House Approves Net Neutrality Bill; Senate Poses Tougher Hurdle

Net Neutrality

The House voted today to approve H.R. 1644, the Save the Internet Act, which would roll back network neutrality rules to their 2015 level. The bill won approval by a vote of 232-190, and almost entirely along partisan lines, with one Republican supporting the measure.

The bill, which was introduced earlier this year by Rep. Mike Doyle, D-Pa., would enact the three legacy net neutrality principles–no blocking, no throttling, and no paid prioritization–and empower the Federal Communications Commission (FCC) to prohibit unjust, unreasonable and discriminatory practices. The 2015 net neutrality rules were rolled back last year by the current Republican-majority FCC.

The House bill faces much tougher sledding from here on in, as Senate Majority Leader Mitch McConnell, R.-Ky., earlier this week pronounced the bill “dead on arrival” in the Senate, and indicated it won’t receive a vote.
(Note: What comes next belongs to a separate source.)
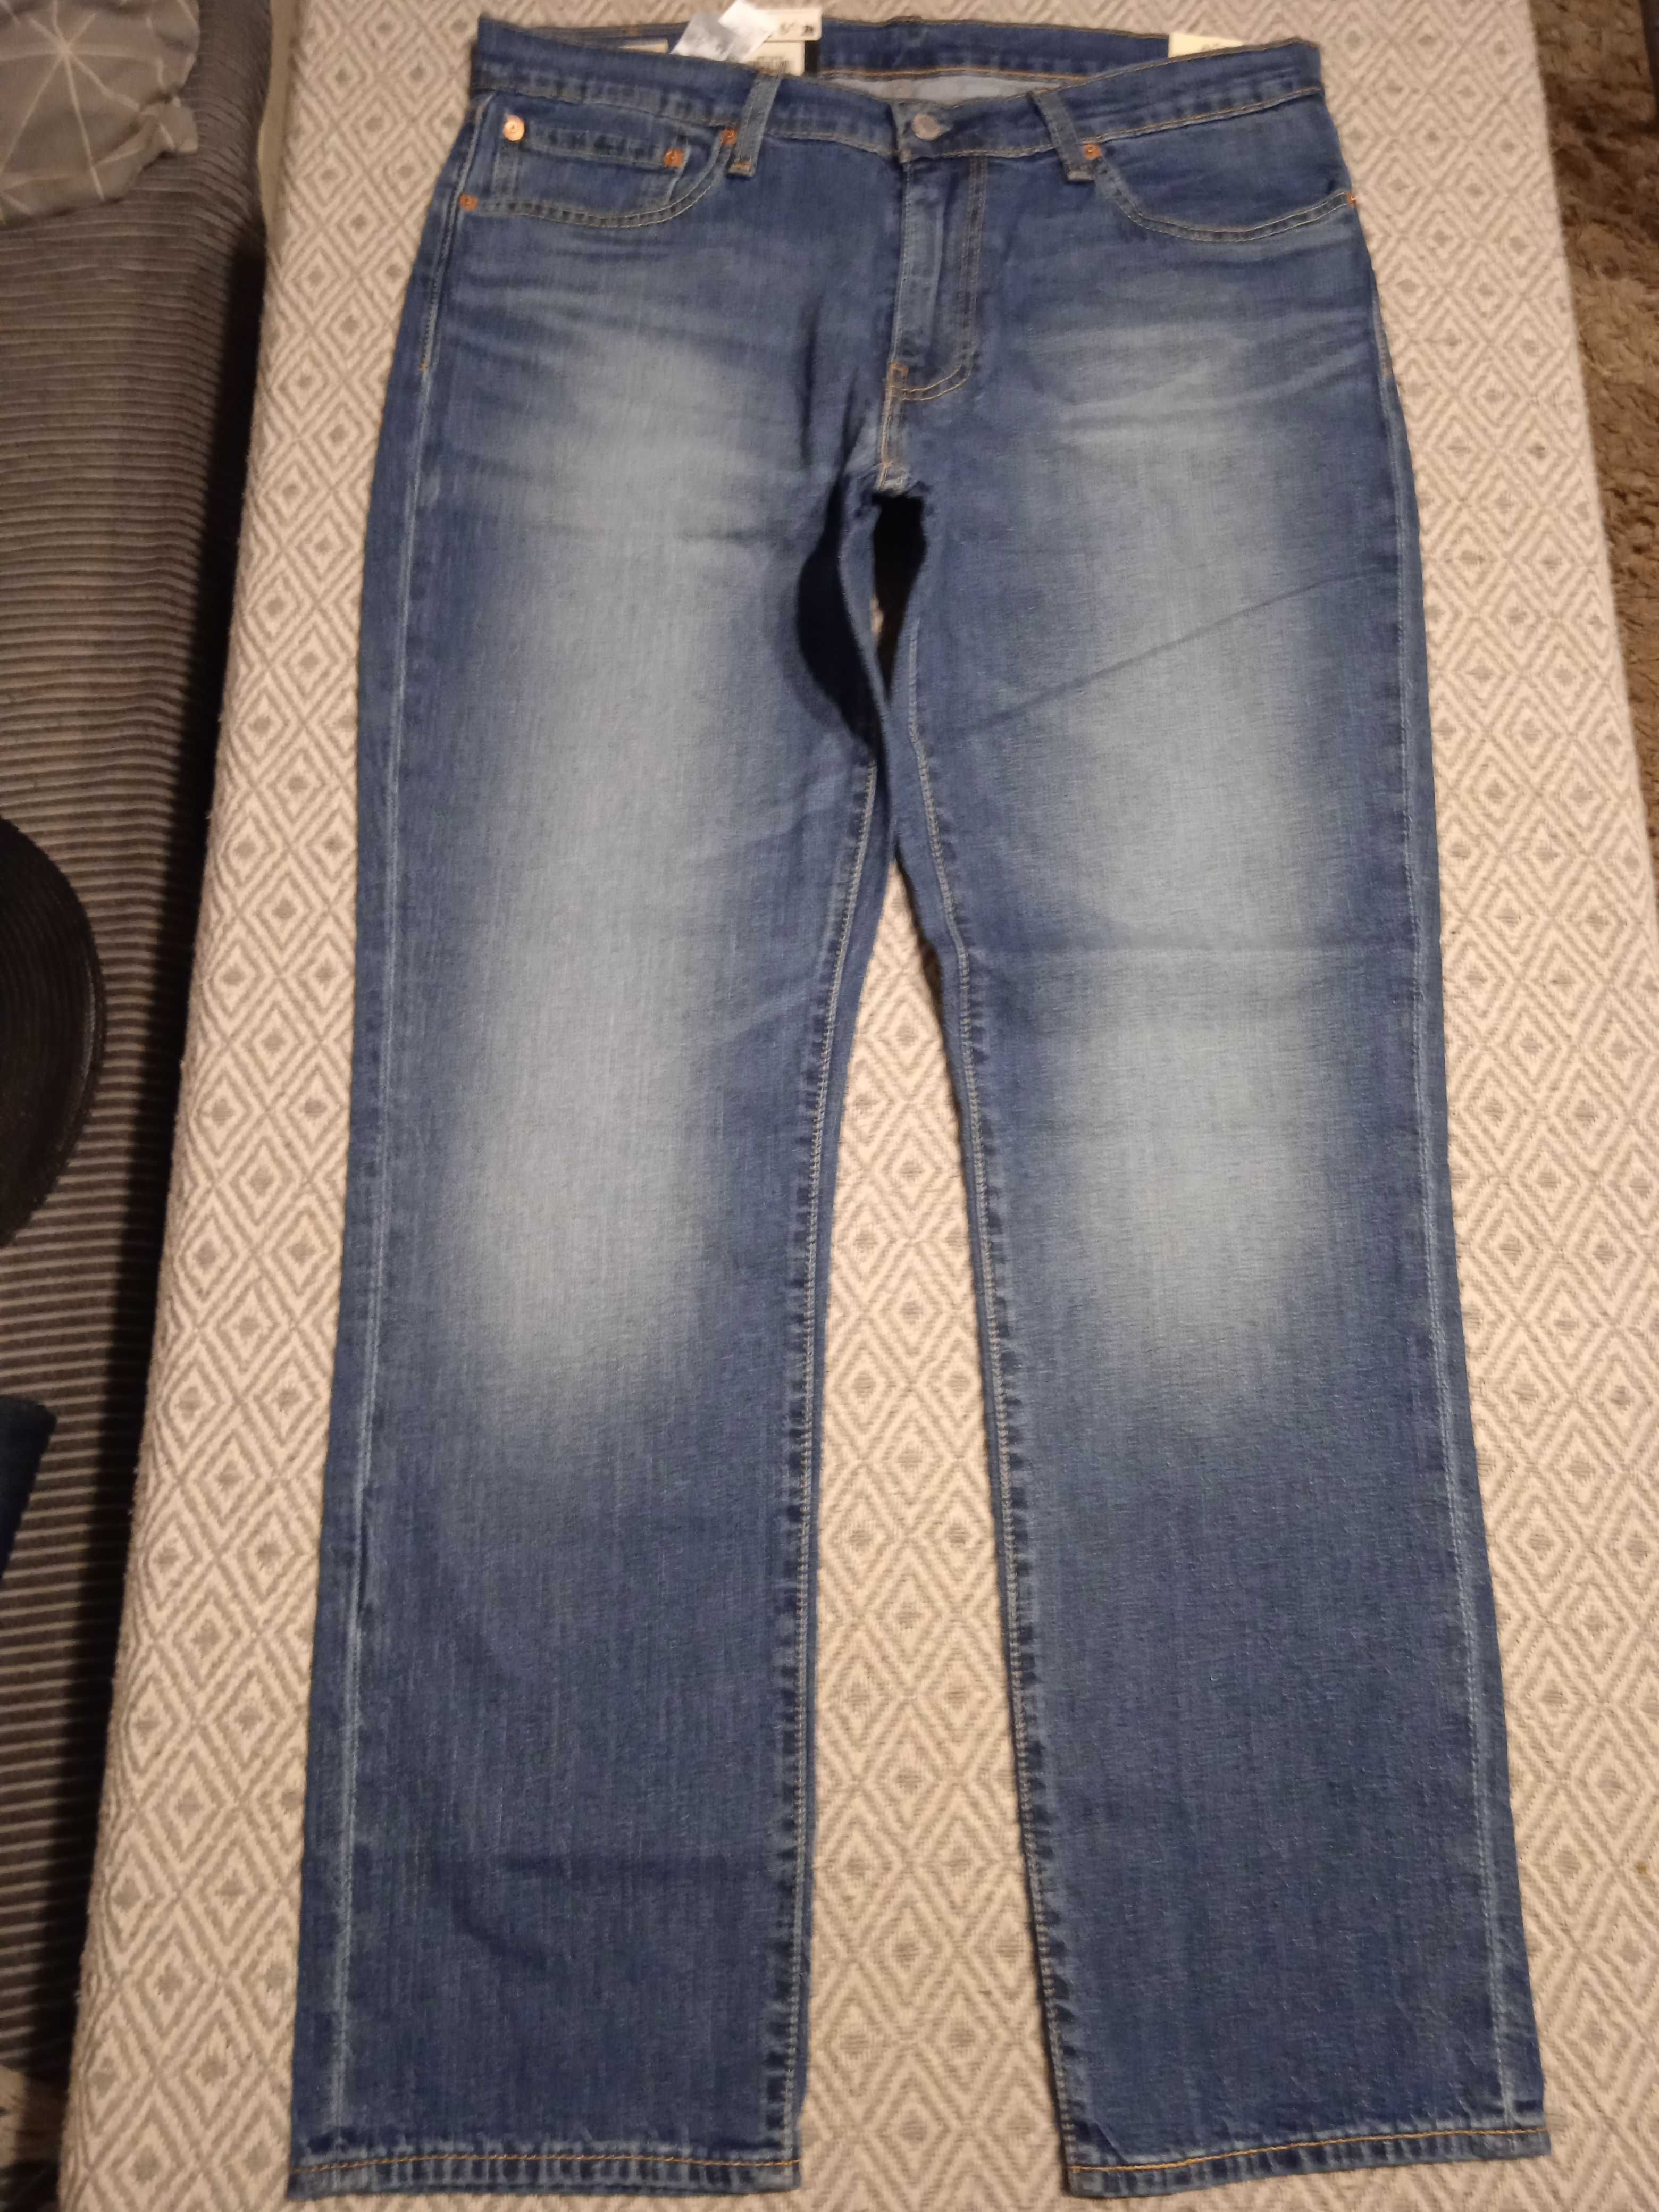 Levis 511 Slim Premium Nowe jeansy W36 L30 SuperCena + Gratis! Sold!

On top of that, the White House said earlier this week that the bill would likely be vetoed by President Trump if it reached his desk.

Commenting on the House vote today, Rep. Doyle said approval “of the Save the Internet Act is a big victory for consumers and a major step towards restoring Net Neutrality and making it a permanent law … Now supporters of Net Neutrality have to get it through the Senate.”